Granted, not the best signature in the world, but still perfectly legal. 当然,这不是世界上最好的签名,但仍然完全合法。 What would happen if I passed a
List<String>
to that method? 如果我将
List<String>
传递给该方法会发生什么? According to the signature, it returns a List<? extends String>
根据签名,它返回一个
List<? extends String>
List<? extends String>
. List<? extends String>
。 If Java disallowed that type, it'd be impossible to use this method for List<String>
(or at least, it'd be impossible to use the return value). 如果Java不允许使用该类型,则不可能将此方法用于
List<String>
(或者至少,不可能使用返回值)。
Secondarily, the extends
syntax is still useful in this case, since List<String>
and List<? extends String>
其次,在这种情况下,
extends
语法仍然有用,因为List<String>
和List<? extends String>
List<? extends String>
have different restrictions -- specifically, you can't add anything but a null
literal to List<? extends String>
List<? extends String>
有不同的限制 - 具体来说,你不能向List<? extends String>
添加除null
文字之外的任何内容List<? extends String>
List<? extends String>
. List<? extends String>
。 I'll sometimes use ? extends
我有时会用
? extends
? extends
to signify that a collection is read-only (since the only T
s you can pass in are null
), and ? super
? extends
表示集合是只读的(因为你可以传入的唯一T
是null
),并且? super
? super
to signify write-only (since you can only get out T
s as Object
). ? super
表示只写(因为你只能将T
s作为Object
)。 This isn't completely fool-proof (you can still call remove methods, pass in null
s, downcast, etc) but serves as a gentle reminder of how the collection is probably meant to be used. 这不是完全万无一失的(你仍然可以调用remove方法,传入
null
s,downcast等),但它可以温和地提醒你如何使用这个集合。
The compiler doesn't really take note of that fact, because it doesn't matter. 编译器并没有真正注意到这一事实,因为它并不重要。
String
s are still allowed in the list, and in the final product, the possibility of anything extending String
is not found.
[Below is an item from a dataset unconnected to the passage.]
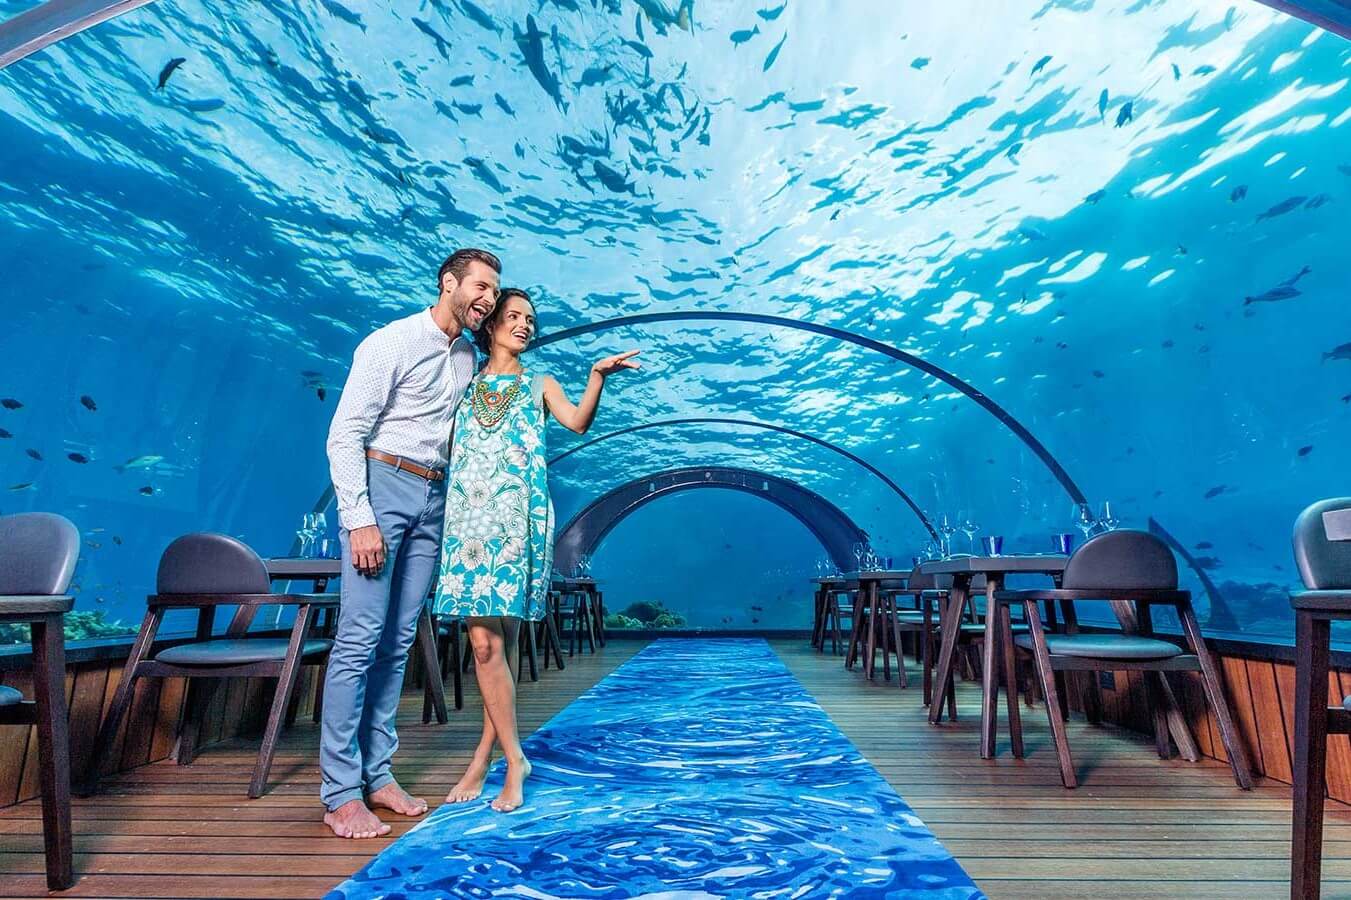 Maldives hotels that offer dinner at an underwater restaurant

String
仍然允许在列表中,并且在最终产品中,找不到任何扩展String
的可能性。 After erasure , it comes out like this: 擦除后 ,它出现如下:
public void addStrings(List list)
As you can see, there is now no suggestions of a class extending String
. 如您所见,现在没有关于扩展
String
的类的建议。 If you do create a class extending String
, that will be itself a compile error. 如果你确实创建了一个扩展
String
的类,那么它本身就是一个编译错误。 There's no need for javac to worry about that. javac不需要担心这一点。
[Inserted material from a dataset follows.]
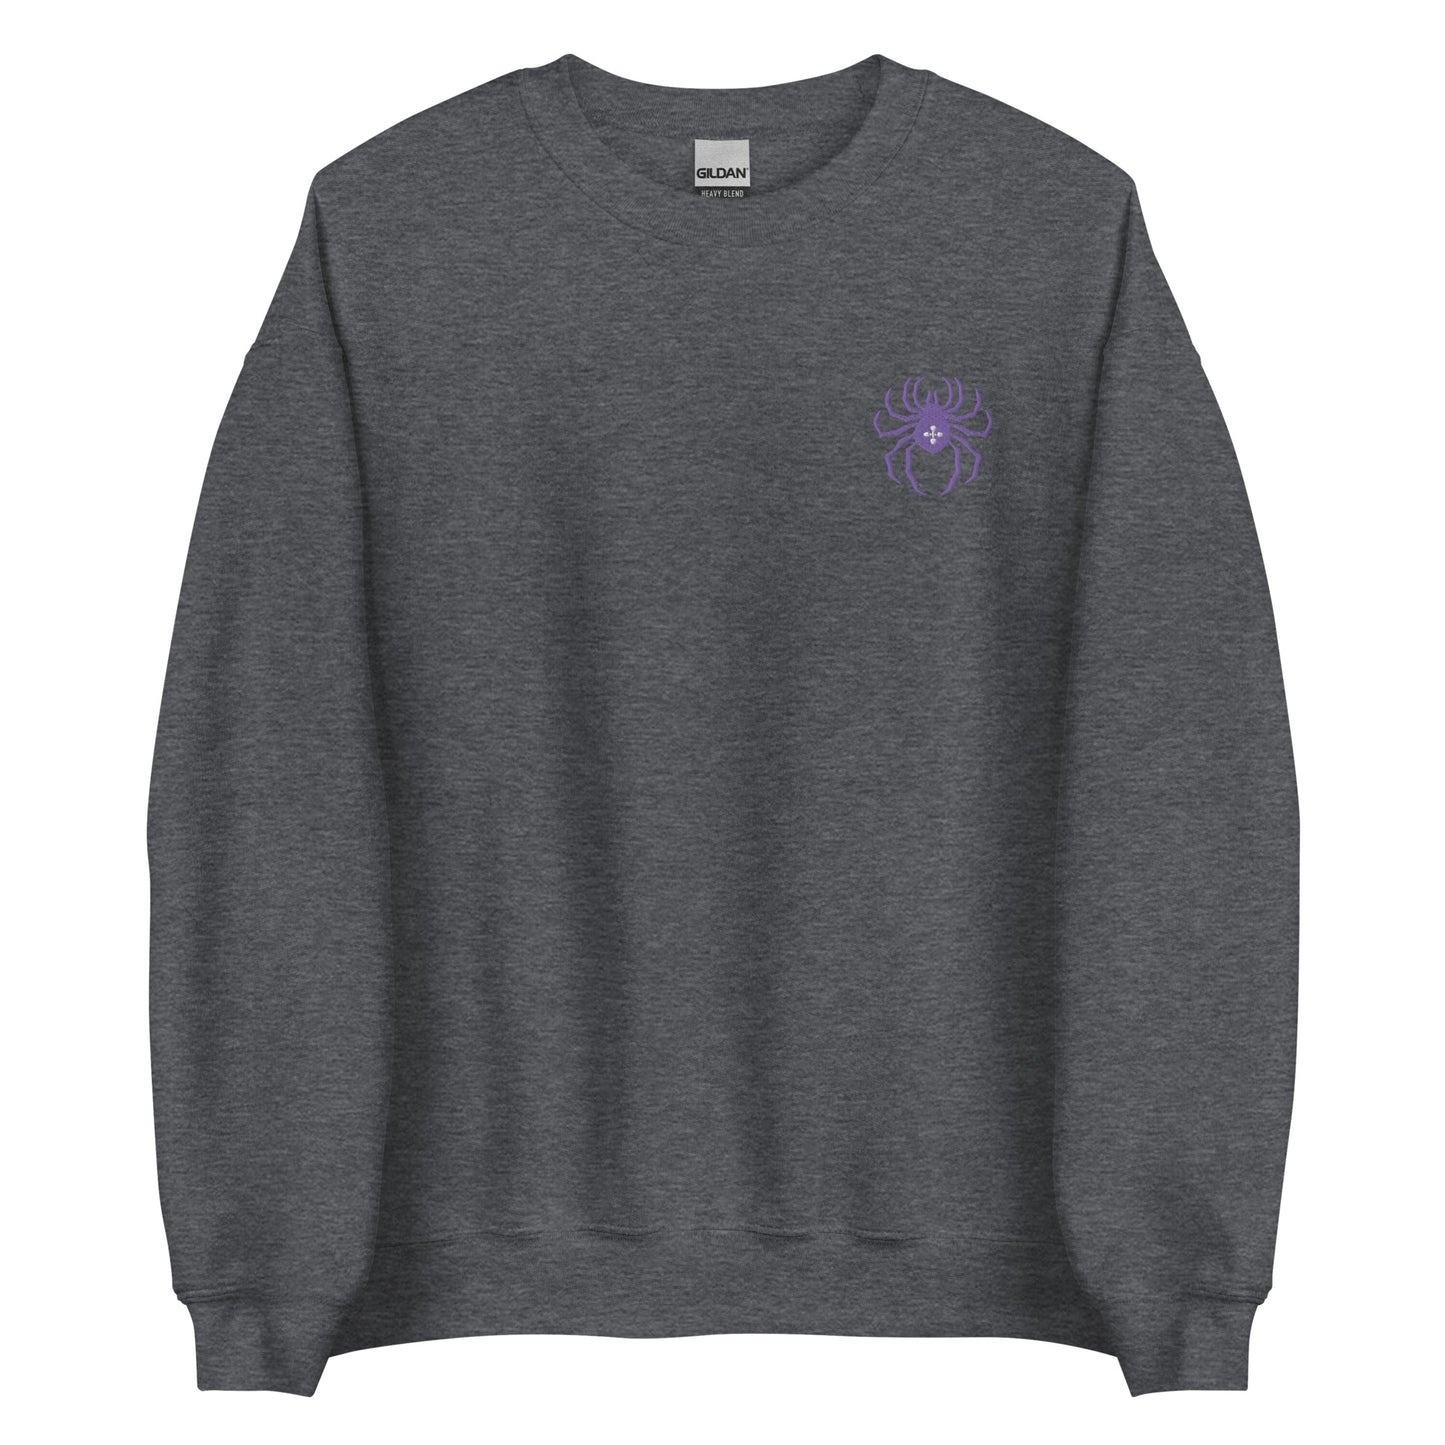 Phantom Spider Troop Sweatshirt Embroidered

The type system does not consider List<String>
and List<? extends String>
类型系统不考虑
List<String>
和List<? extends String>
List<? extends String>
equivalent, even though at the time of compiling, String
has no subtypes other than itself, therefore any object that is a List<? extends String>
List<? extends String>
equivalent,即使在编译时, String
没有自身以外的子类型,因此任何对象都是List<? extends String>
List<? extends String>
must also be a List<String>
. List<? extends String>
也必须是List<String>
。
One explanation is that final
is not final - it's ok to remove final
from a class and nothing should break: http://docs.oracle.com/javase/specs/jls/se7/html/jls-13.html#jls-13.4.2 一种解释是,
final
不是最终的 - 可以从类中删除final
并且没有任何内容可以破解: http : //docs.oracle.com/javase/specs/jls/se7/html/jls-13.html#jls- 13.4.2
It's not without precedence that the type system takes final
into consideration; 并不是没有优先考虑类型系统
final
考虑; for example, we cannot cast a String
to a Runnable
, because the compiler figures that if an object is String
, it cannot be some unknown subclass that implements Runnable
. 例如,我们不能将一个
String
转换为Runnable
,因为编译器认为如果一个对象是String
,它不能是一个实现Runnable
未知子类。
If we want generics also to make reasoning like that and deduce that List<String>
and List<? extends String>
如果我们希望泛型也能像这样推理并推导出
List<String>
和List<? extends String>
List<? extends String>
are equivalent, it'll make typing rules even more complicated. List<? extends String>
是等价的,它会使输入规则更加复杂。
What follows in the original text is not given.